Your output is to hold only the lines from the one showing "Winter Wonderland (Background) Tutorial" through the end of the listing, exactly, with every picture excluded.

##### Recorded information #####

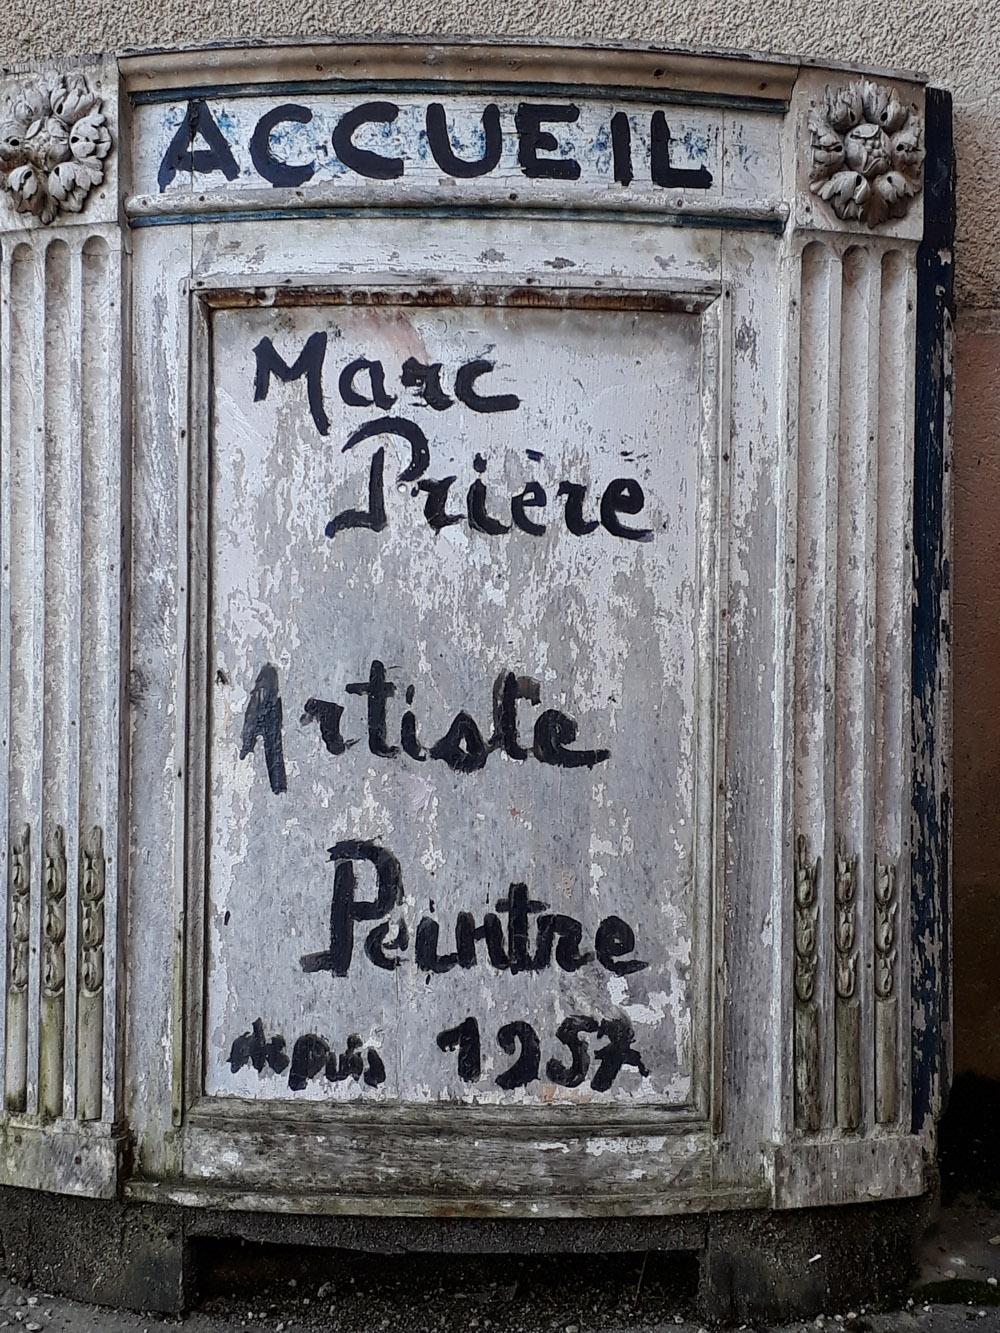 Marc Prière Peintre
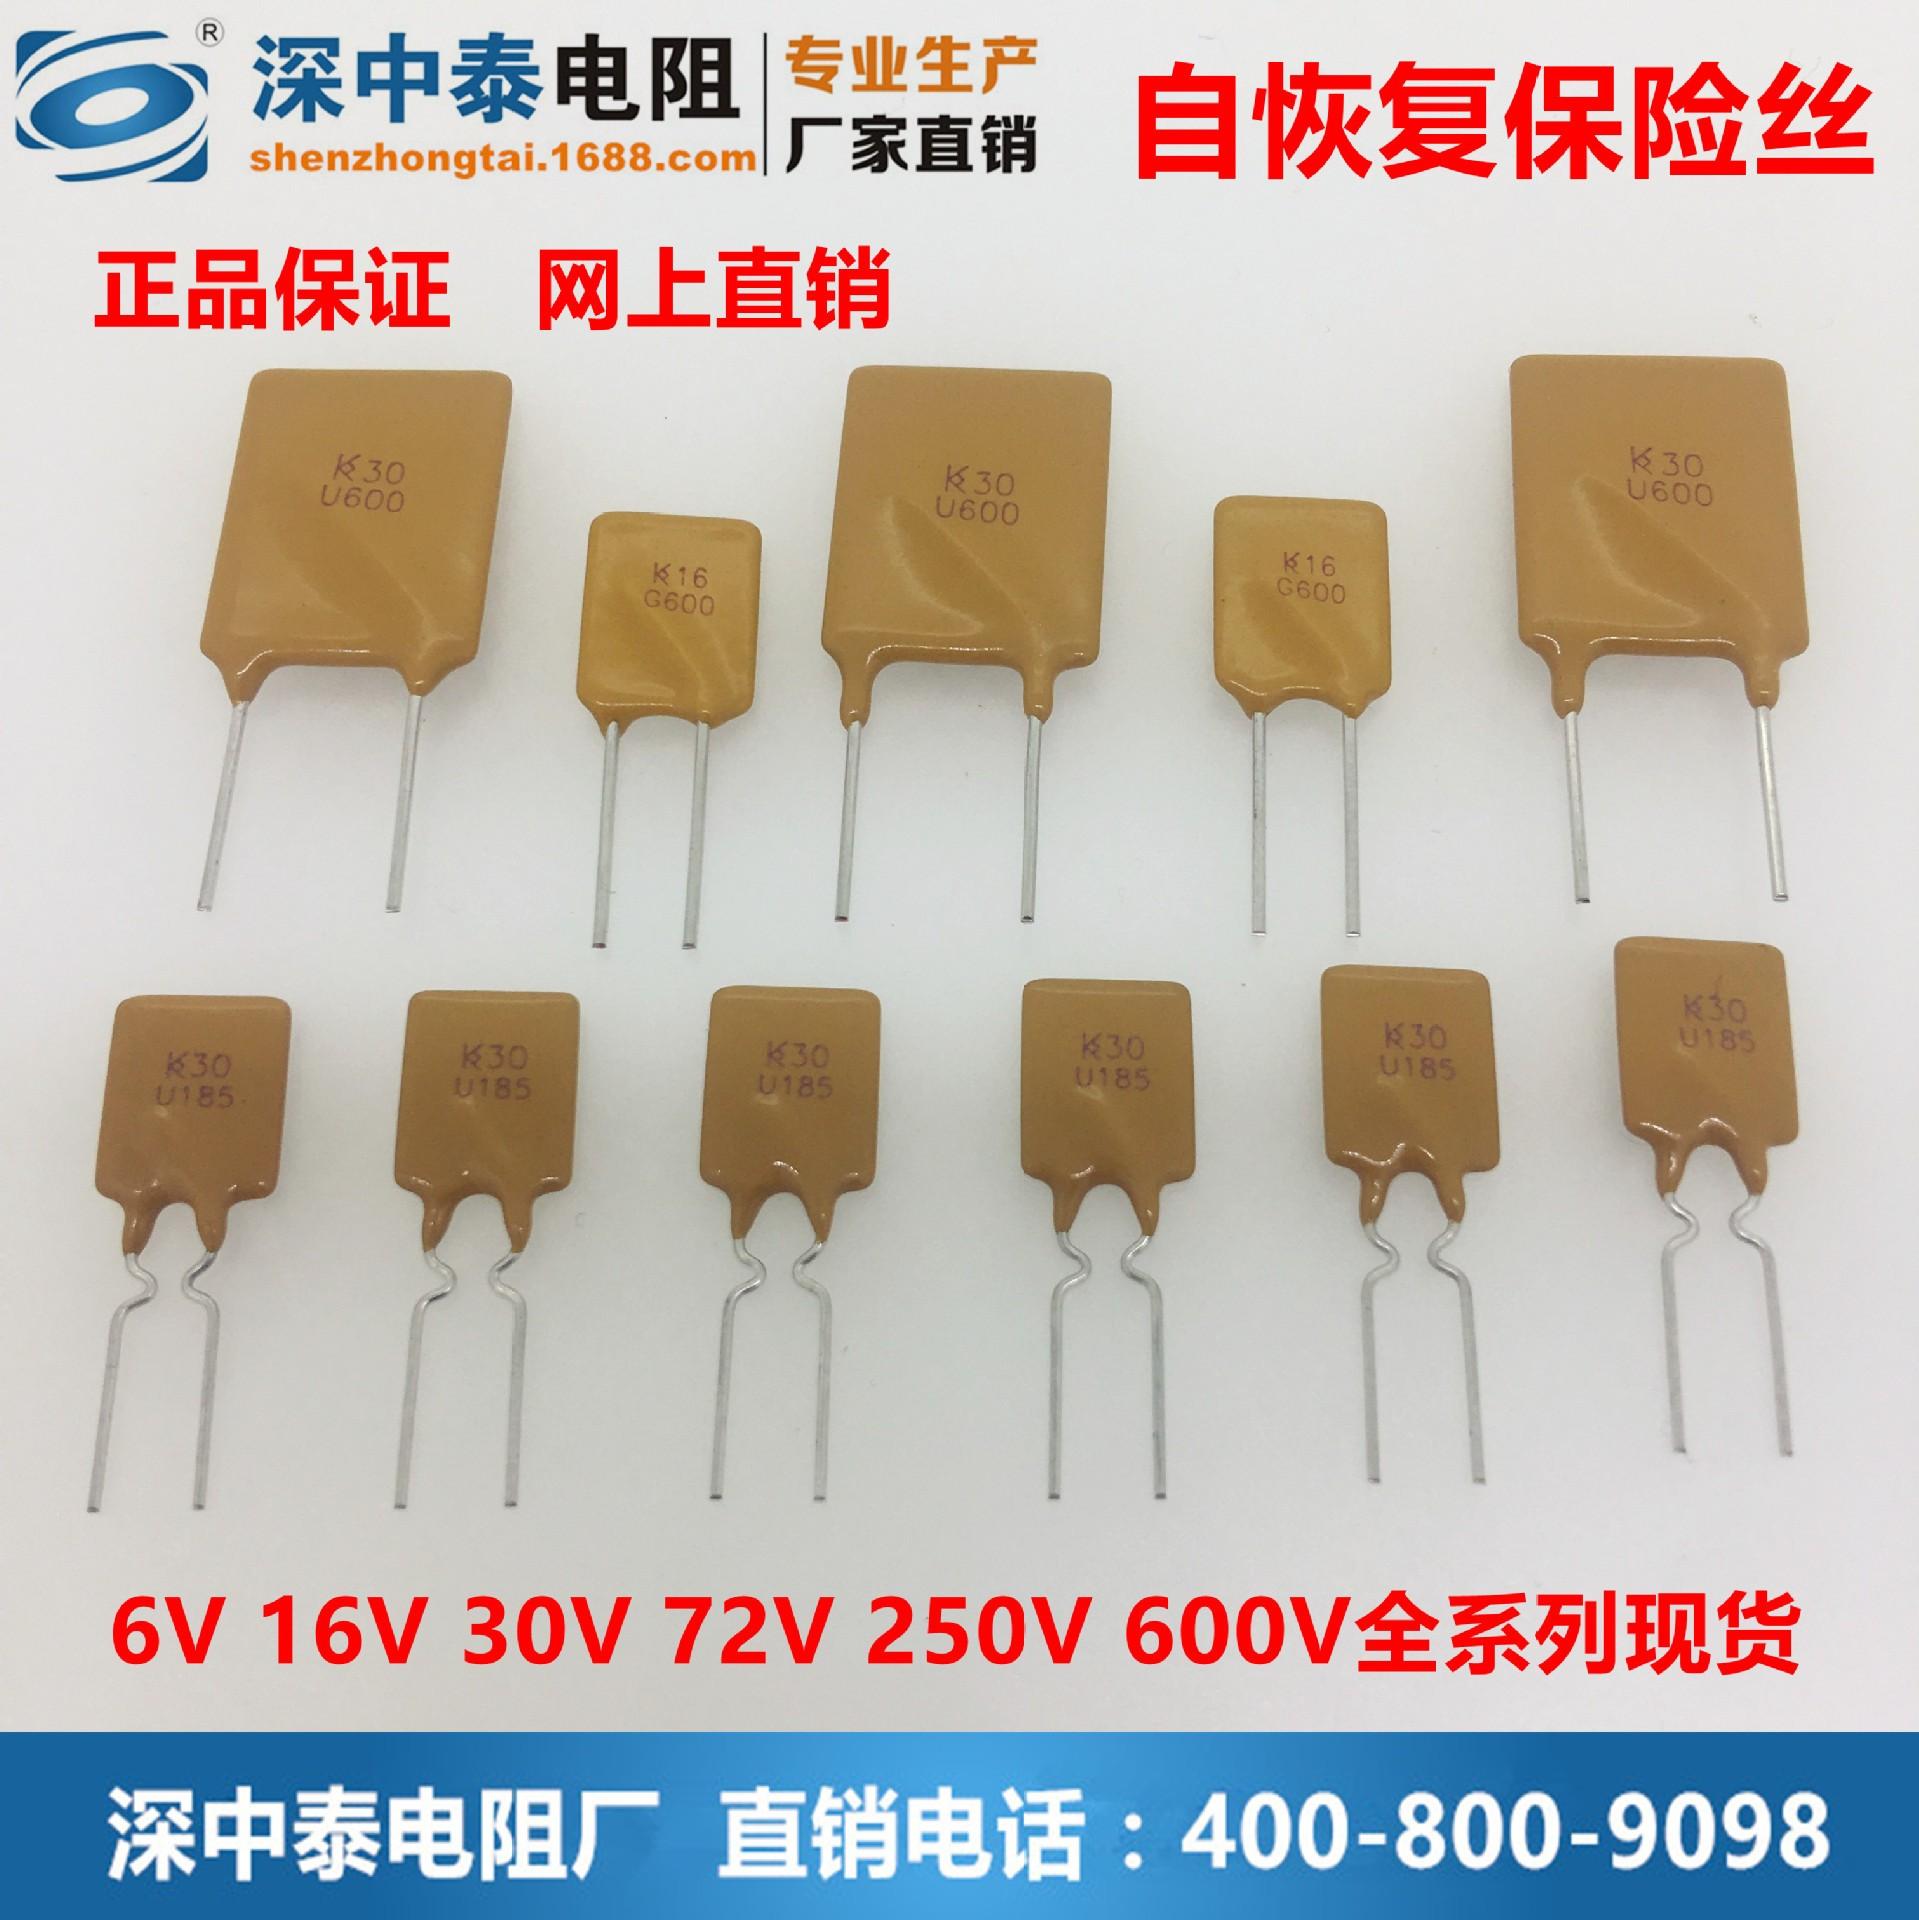 600V厂家直销 深中泰 保险丝 安全电压 插片式 M/中速
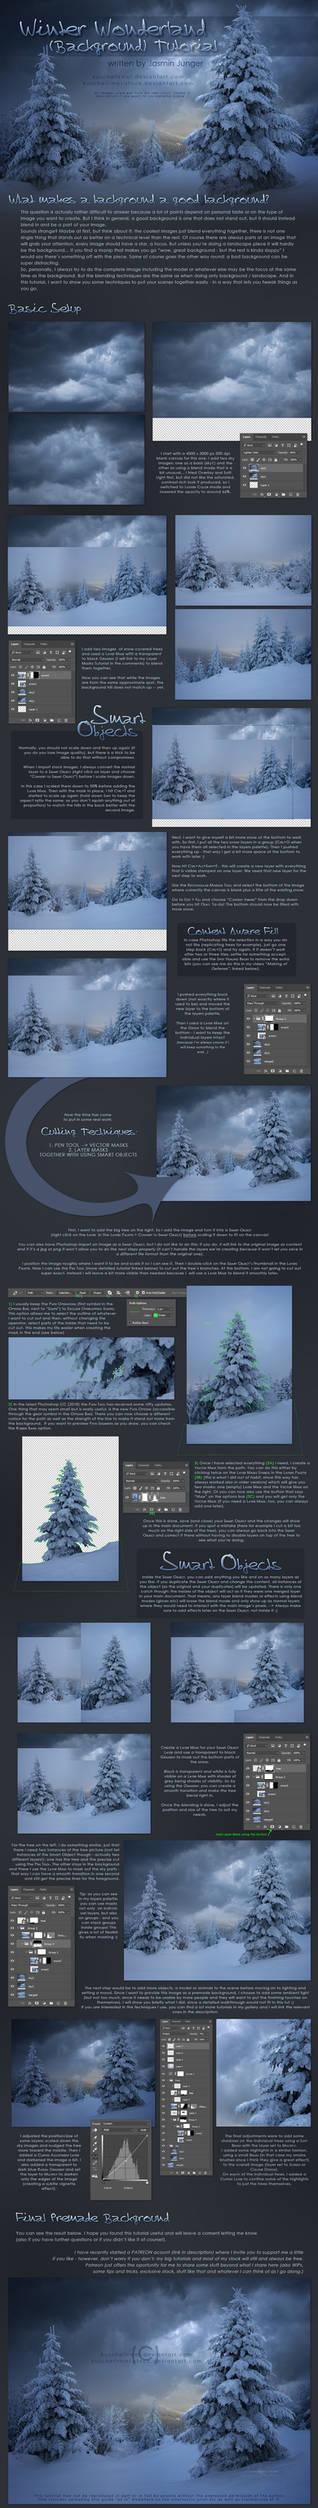 Winter Wonderland (Background) Tutorial
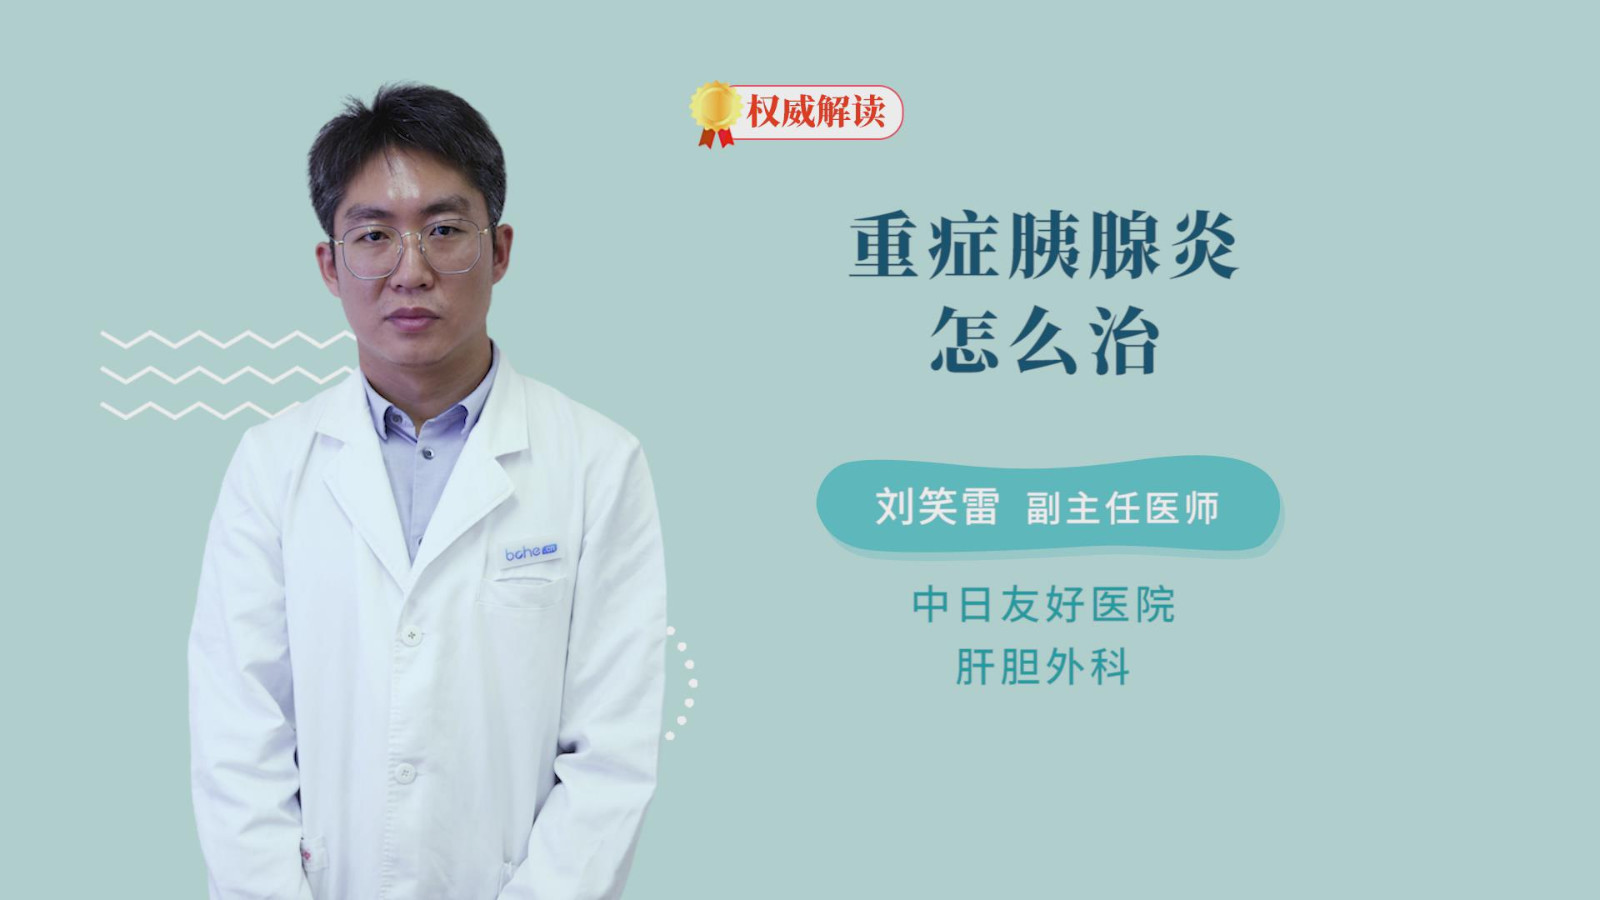 重症胰腺炎怎么治

#####

▶ [Solution to this problem]
 Winter Wonderland (Background) Tutorial
 重症胰腺炎怎么治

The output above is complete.